Добавить в цитаты Настройки чтения

Страница 5 из 11

Я заканчиваю последние приготовления: сдвигаю груди под платьем, крашу ресницы тушью, накладываю слой блеска на полные губы.

На вечеринке будут юноши из частных школ – сыновья чудовищно богатых инвесторов «Елисейских полей» – в полной экипировке богатеньких сынков. Но даже если способны думать исключительно головкой, а не головой, мне хотелось, чтобы они нашли меня красоткой. Больше теперь я уже ничего не хочу. А вот это осталось.

Запах плюмерии смешивается с другими цветочными ароматами: белого имбиря, лилий, шалфея, когда я на велосипеде еду на вечеринку моего папы по боковым улицам, где поменьше автомобилей. Еду не очень быстро, потому что не хочу вспотеть, а это в Южной Флориде не так-то просто, особенно летом. Океан рокочет все сильнее по мере того, как я приближаюсь к нему.

Я заезжаю на автомобильную стоянку «Елисейских полей», только чуть взмокнув и с сердцем, бьющимся в животе. «Елисейские поля» – первое путешествие папы в дикий мир коммерческой недвижимости. Мы с Райной называем это место Городом призраков: с того самого раза, как впервые ступили на здешнюю территорию, нас обоих всегда пробивает дрожь, стоит нам попасть сюда.

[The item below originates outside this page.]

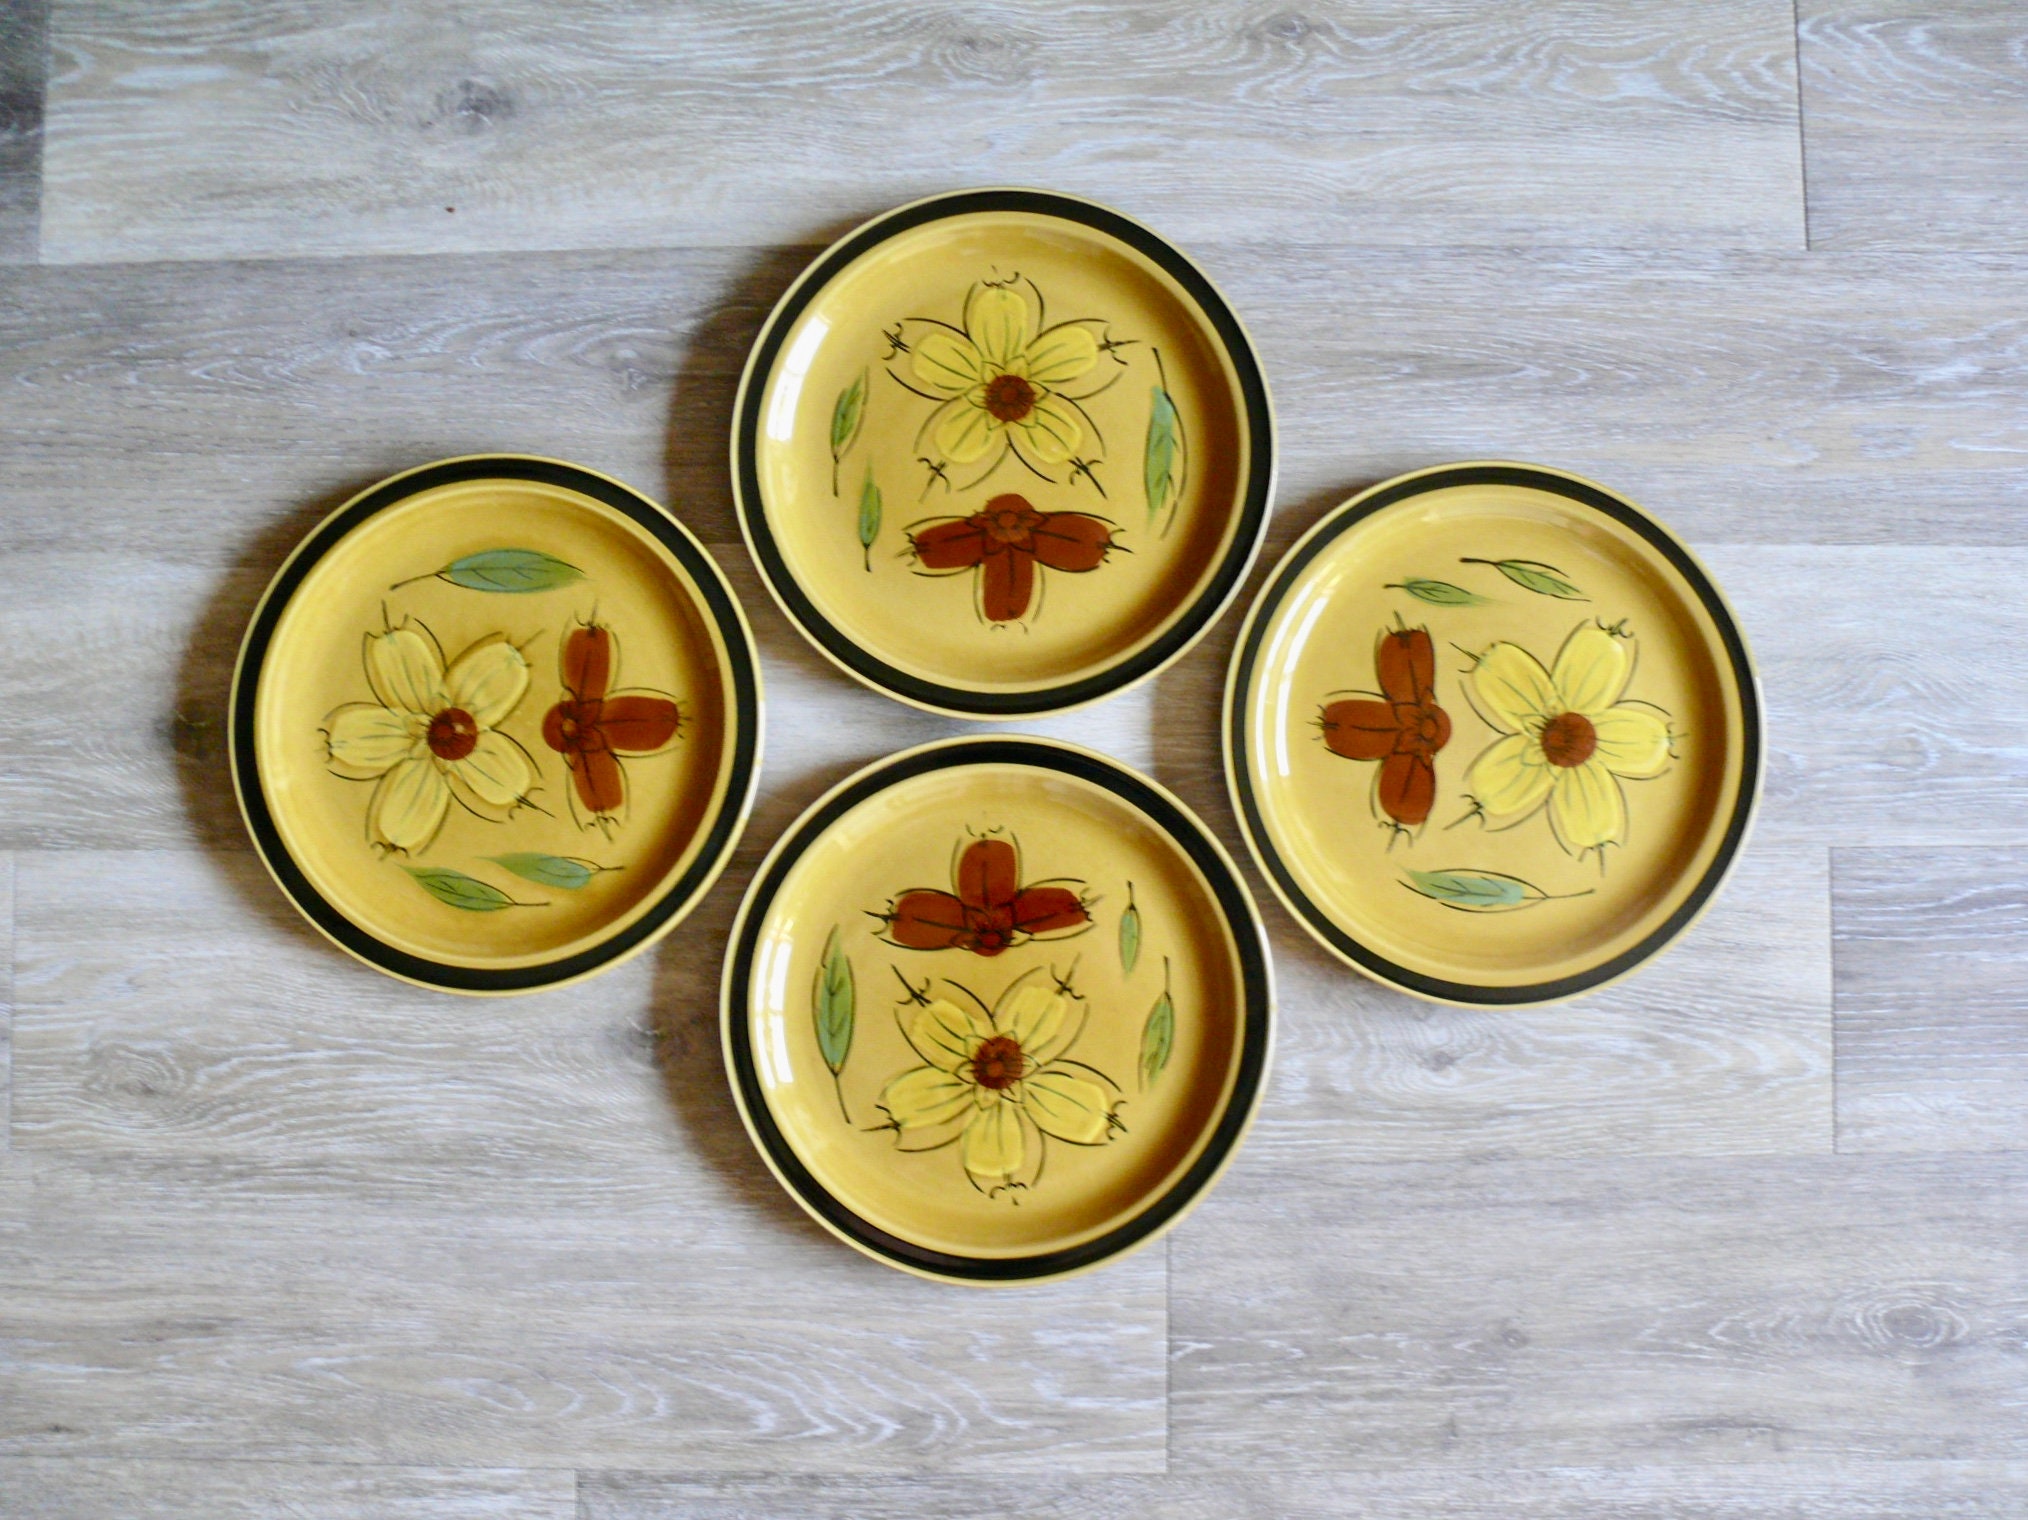 4 Honey Flower Japan Dinner Plates Vintage Earth Tone Brown hq image

Строительство началось примерно за четыре месяца до смерти Штерна и ареста матери. Суд установил залог в один миллион долларов, гораздо больше, чем мог позволить себе отец. Всякий раз, приезжая из школы, я видела все больше и больше «Елисейских полей» и все меньше и меньше мамы. Может, поэтому у меня начинало ныть под ложечкой всякий раз, когда я проезжала мимо. Ирония в том, что пешая прогулка от нашего старого пурпурного дома до «Елисейских полей» займет не больше пятнадцати минут. И завершение строительства – бьющее наотмашь напоминание о том, что мама окончательно ушла от меня, от всех нас, словно это ее зарыли в землю и папа построил что-то огромное, и уродливое, и дорогое, чтобы скрыть могилу.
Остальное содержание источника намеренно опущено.